Мы стояли где-то на окраине, кругом было темно и безлюдно. Разве, по близости могли колесить те бандиты, что умыкнули меня от гостиницы. И водила попался огромный – ручища обхватом в придорожный столб. Такого не одолеть, пожалуй!

Я попыталась перехватить инициативу: «Давай завтра встретимся. Хотя бы приведу себя в порядок!»

Он запыхтел и потянул за кофточку.

– Подожди! – неминуемое насилие следовало превратить в паритетный половой акт, минимизировав проявление агрессии. – Расстегни лифчик. Теперь погладь, вот здесь. Поцелуй, ох, пожалуйста, поцелуй! Нет, больно не надо делать. Ведь приятнее, когда нежно-нежно. Давай покажу – расстегни ремень.

И слегка куснула его за толстое ухо.

«Милица, Милица!» – рычал он, вдруг обнаружив в моем имени раскатистые «р-р», и так раскачивал машину, что она грозила перевернуться.
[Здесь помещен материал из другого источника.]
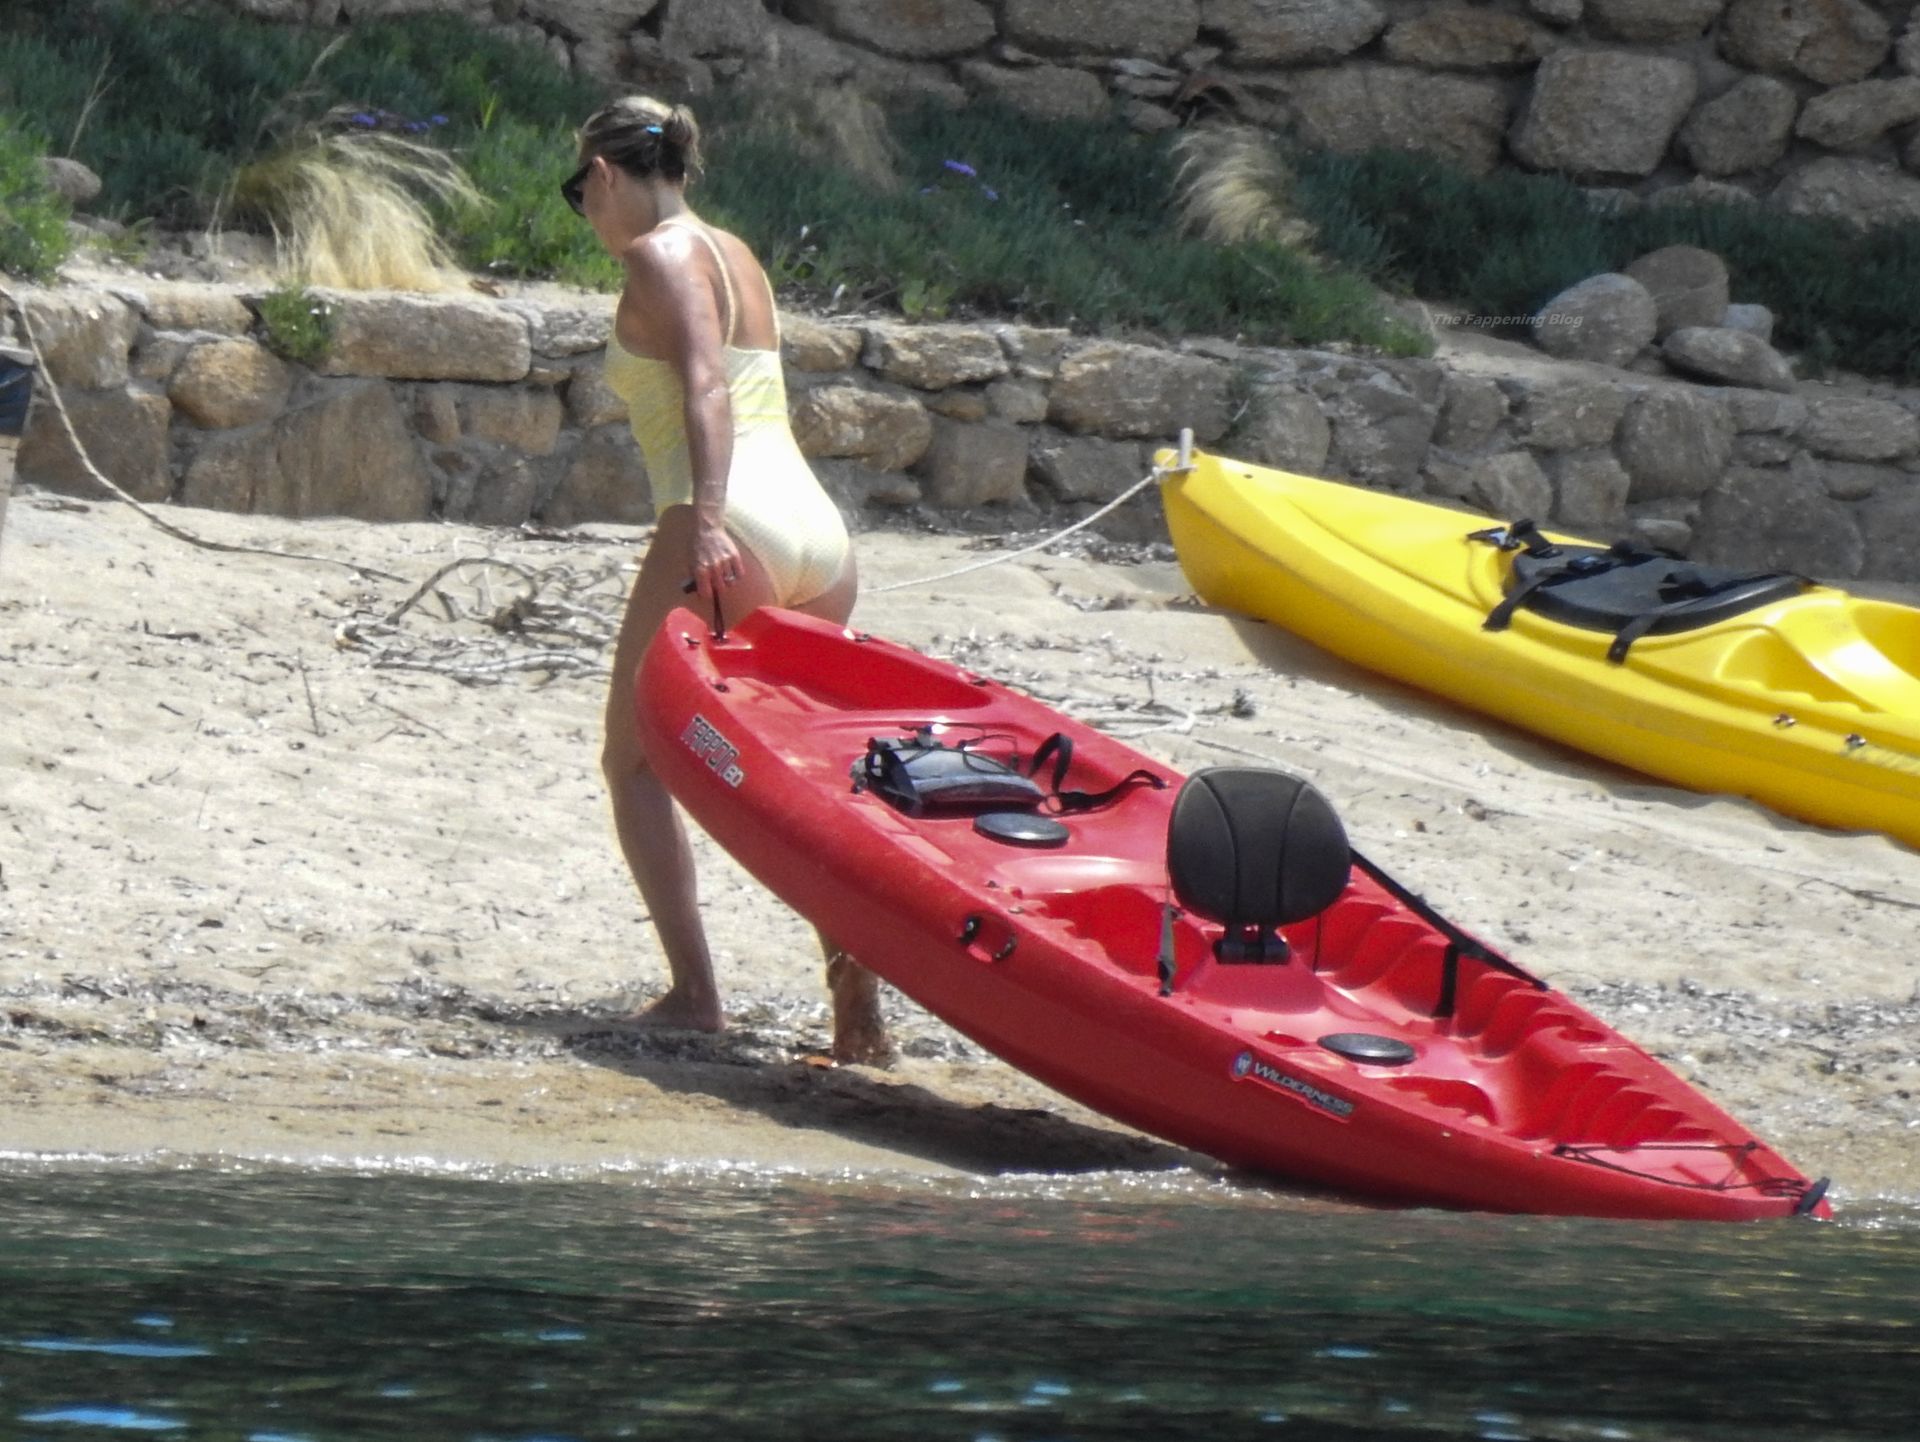 Kate Hudson & Danny Fujikawa Enjoy Their Vacation in Greece (43 Photos)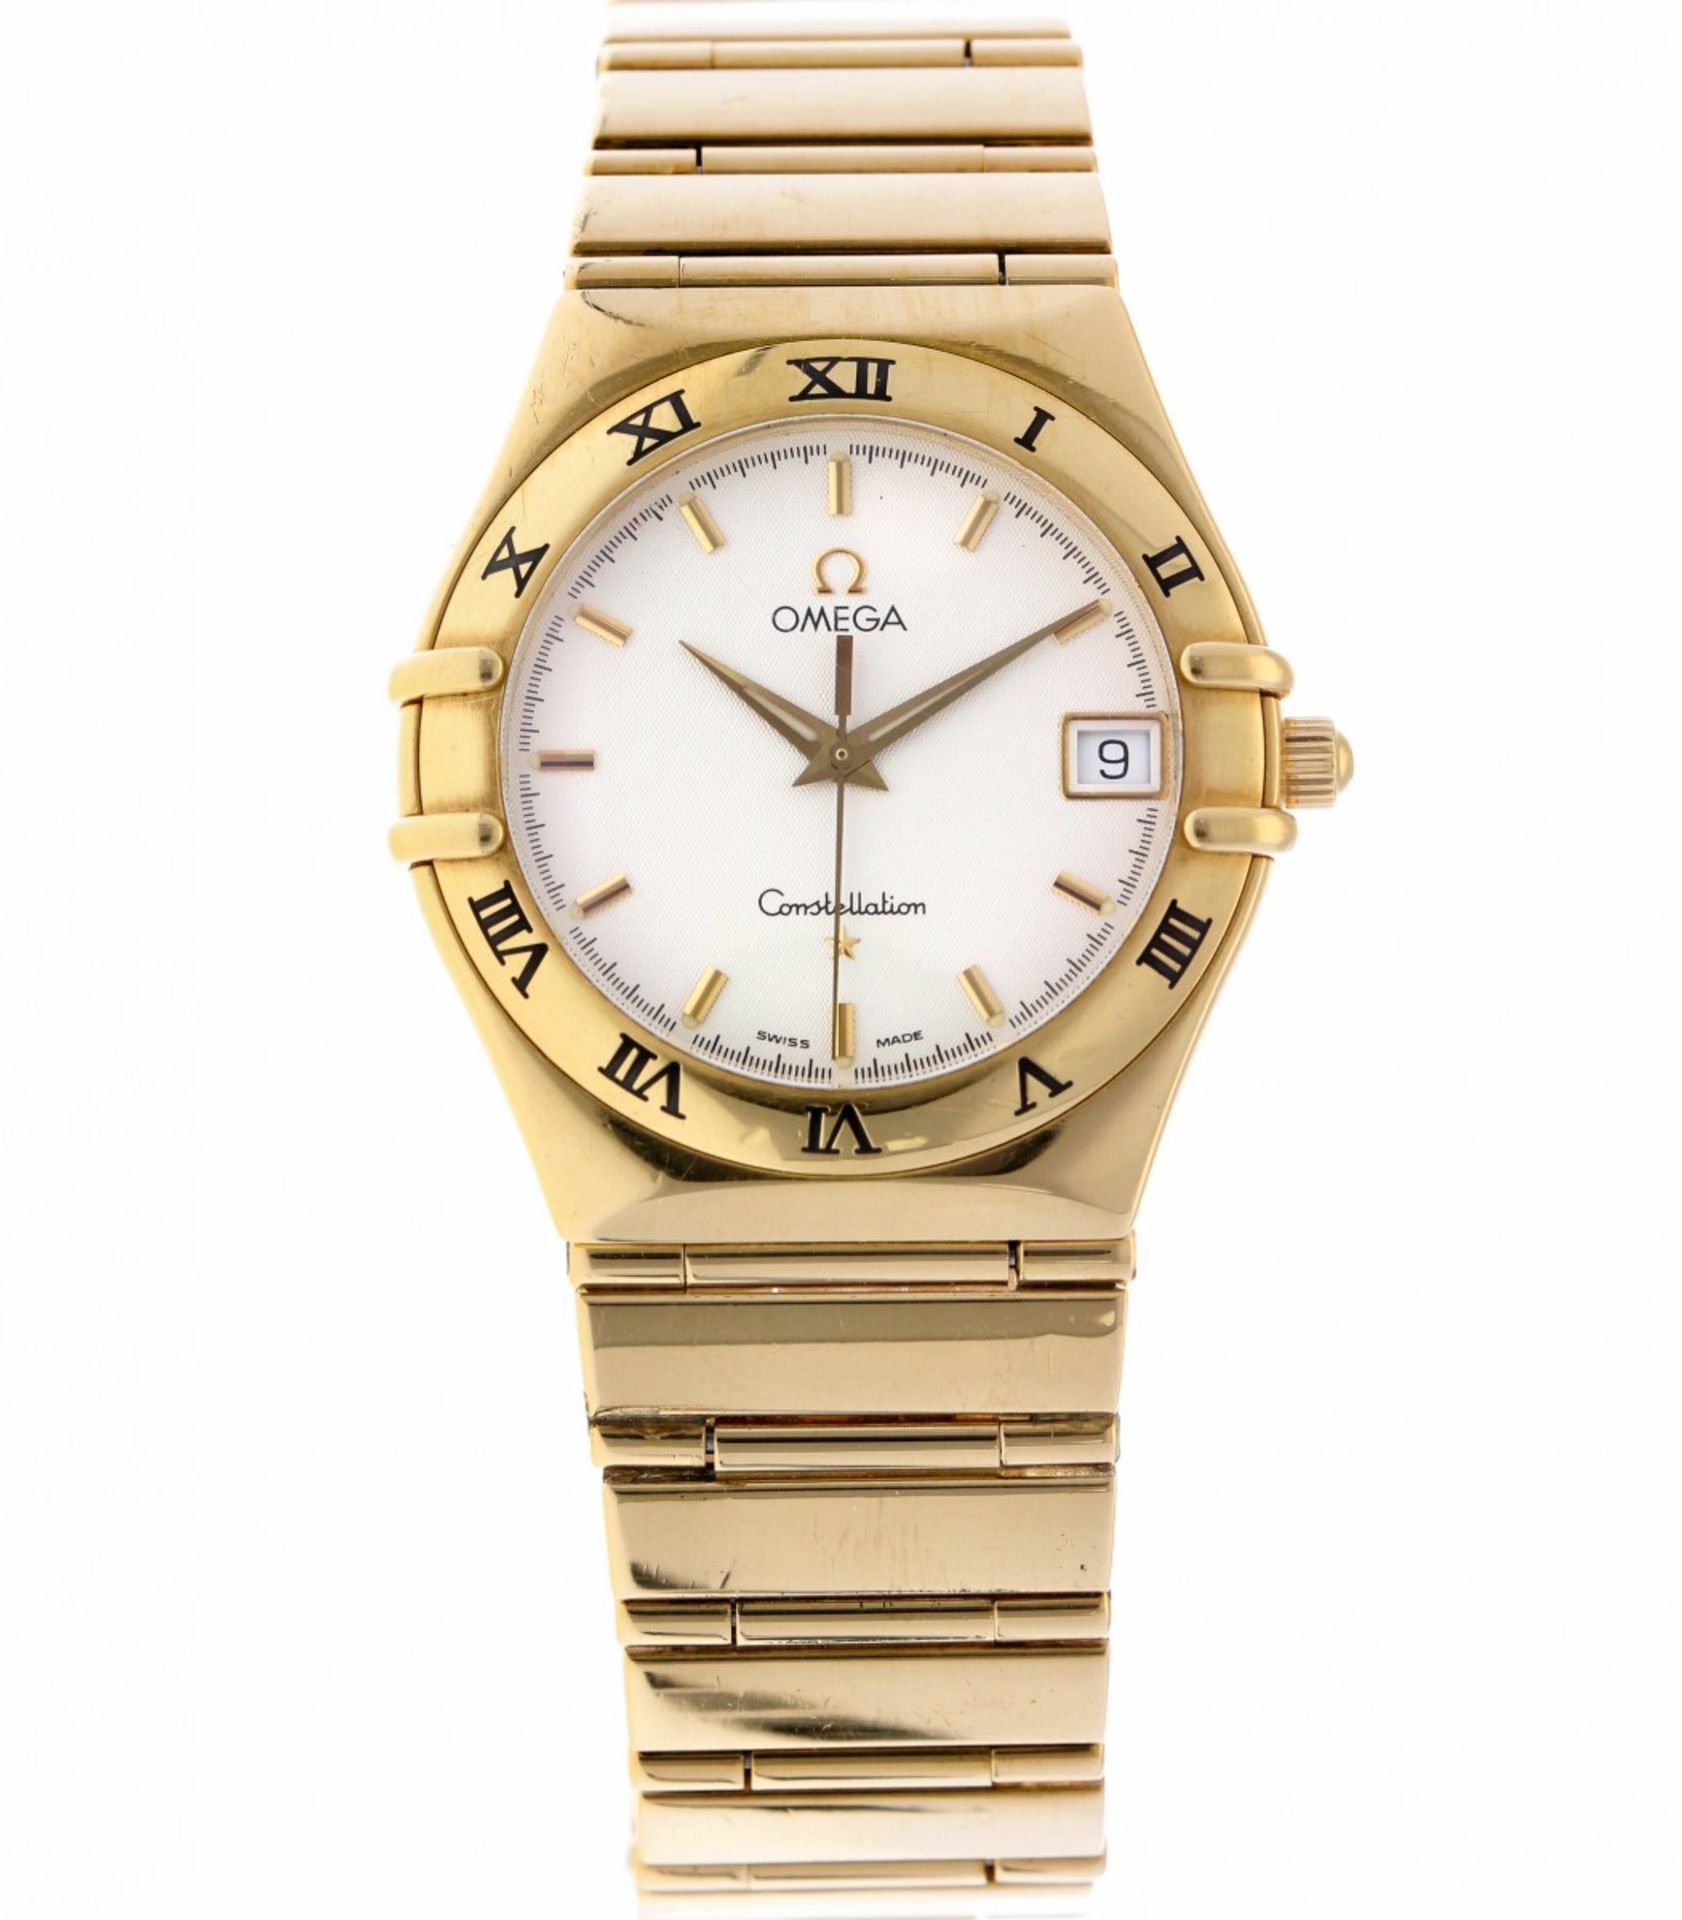 Omega Constellation 3961201 -Men's watch - ca. 1998

И, наконец, рванул с горы своего живота – в пропасть.

Черт знает что!

Потом мы заснули даже. Но поутру, когда в окна забило солнце, он уже буравил меня неприязненным взглядом. И было видно, как в мохнатой его башке скрежещут шестеренки мыслей про то, что его обманули, конечно, и, на самом деле, я обычная проститутка и просто не поладила с клиентами. И самое смешное, я сразу загундосила в тон: «Отчего мы скуксились? Рули в гостиницу, дорогой! Ой, а где моя перчатка? Ты не сидишь ли на ней?»

И между ног у него пошарила.

Так бывает: если кто-то рассказывает о своих печалях, высматривая ответную насмешку или злорадство, и тогда злодейский отблеск-таки проскальзывает по твоему лицу. Хотя ты и не относишься к разряду людей, которых радует, что у соседа корова сдохла. Со мной такое тоже случается, вероятно, из-за профессиональной привычки эмоционально подстраиваться под собеседника.

В гостинице, едва войдя в номер, услышала телефонный трезвон.